Ася обронила это, уверенно зная, какая мордочка чего стоит. Она, видно, не прошла никакой стадии болезни, болей, вымучивания, потери аппетита и сна, она ещё не потеряла свежести, румянца, она просто прибежала из своих спортивных залов, со своих танцевальных площадок на три дня на исследование.
– А хорошие преподаватели – есть? – спросил Дёмка, чтоб только она не замолкала, говорила что-нибудь, а ему на неё посматривать.
– Не, нету! Индюки надутые! Да вообще – школа!.. говорить не хочется!
Её весёлое здоровье перехлёстывалось и к Дёмке. Он сидел, благодарный ей за болтовню, уже совсем нестеснённый, разнятый. Ему ни в чём не хотелось с ней спорить, во всём хотелось соглашаться, вопреки своим убеждениям: и что жизнь – для счастья, и что ноги – не отдавать. Если б нога не грызла и не напоминала, что он увязил её и ещё сколько вытащит – полголени? по колено? или полбедра? А из-за ноги и вопрос «чем люди живы?» оставался для него из главных. И он спросил:
– Ну а правда, как ты думаешь? Для чего… человек живёт?
Нет, этой девчёнке всё было ясно! Она посмотрела на Дёмку зеленоватыми глазами, как бы не веря, что это он не разыгрывает, это он серьёзно спрашивает.
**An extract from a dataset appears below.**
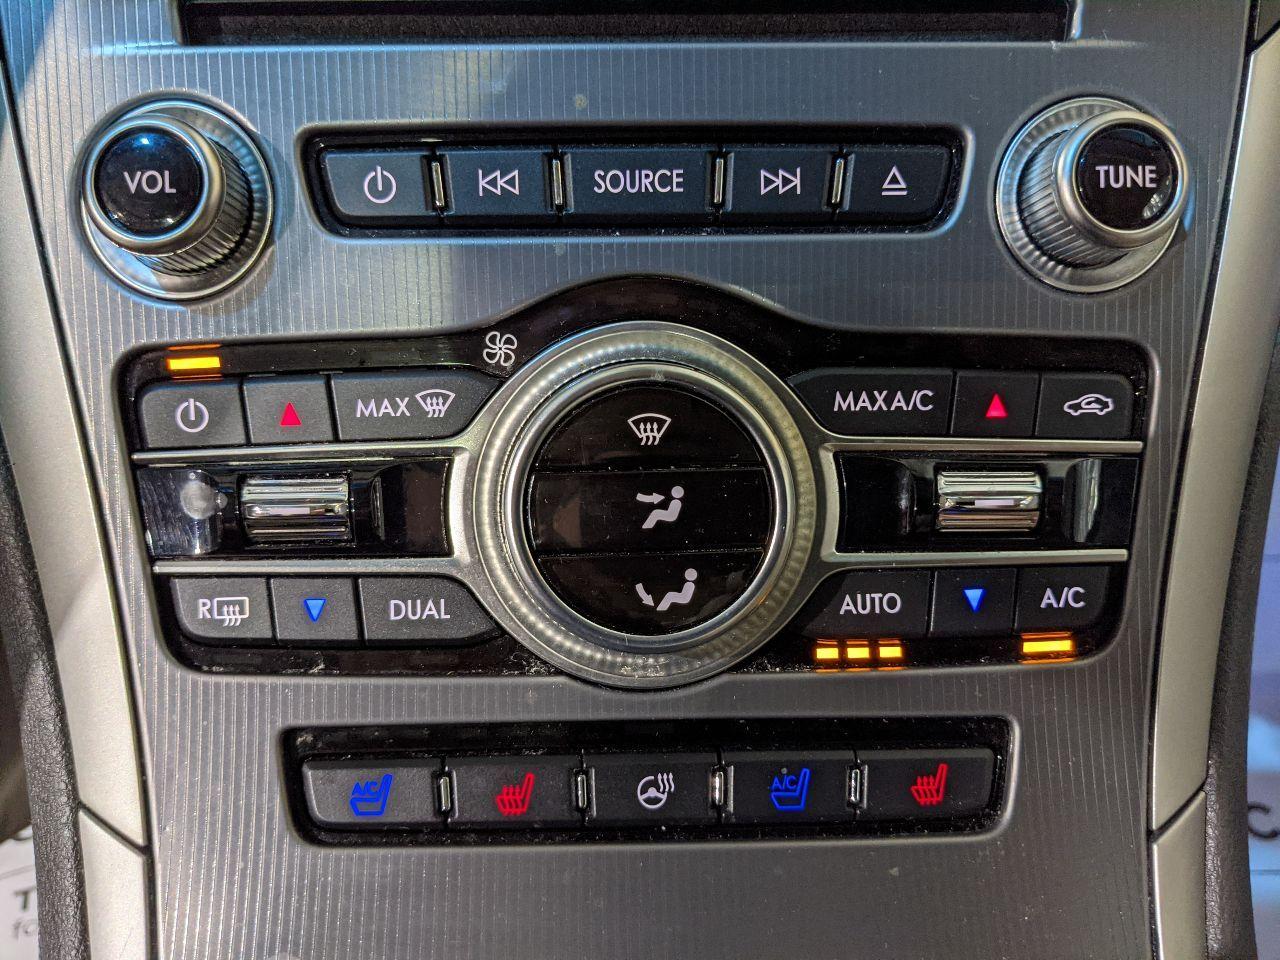 2018 Lincoln MKZ Hybrid

– Как для чего? Для любви, конечно!
Для любви!.. «Для любви» и Толстой говорил, да в каком смысле? И учительница вон от них требовала «для любви» – да в каком смысле? Дёмка всё-таки привык до точности доходить и своей головой обрабатывать.
– Но ведь… – с захрипом сказал он (просто-то стало просто, а выговорить всё же неудобно), – любовь – это ж… Это ж не вся жизнь. Это ж… иногда. С какого-то возраста. И до какого-то…
– А с какого? А с какого? – сердито допрашивала Ася, будто он её оскорбил. – В нашем возрасте вся и сладость, а когда ж ещё? А что в жизни ещё есть, кроме любви?
В поднятых бровках так была она уверена, что ничего возразить нельзя, – Дёмка ничего и не возражал. Да ему послушать-то надо было, а не возражать.
Она довернулась к нему, наклонилась и, ни одной руки не протянув, будто обе протягивала через развалины всех стен на земле:
– Это – наше всегда! и это – сегодня! А кто что языками мелет – этого не наслушаешься, то ли будет, то ли нет. Любовь!! – и всё!!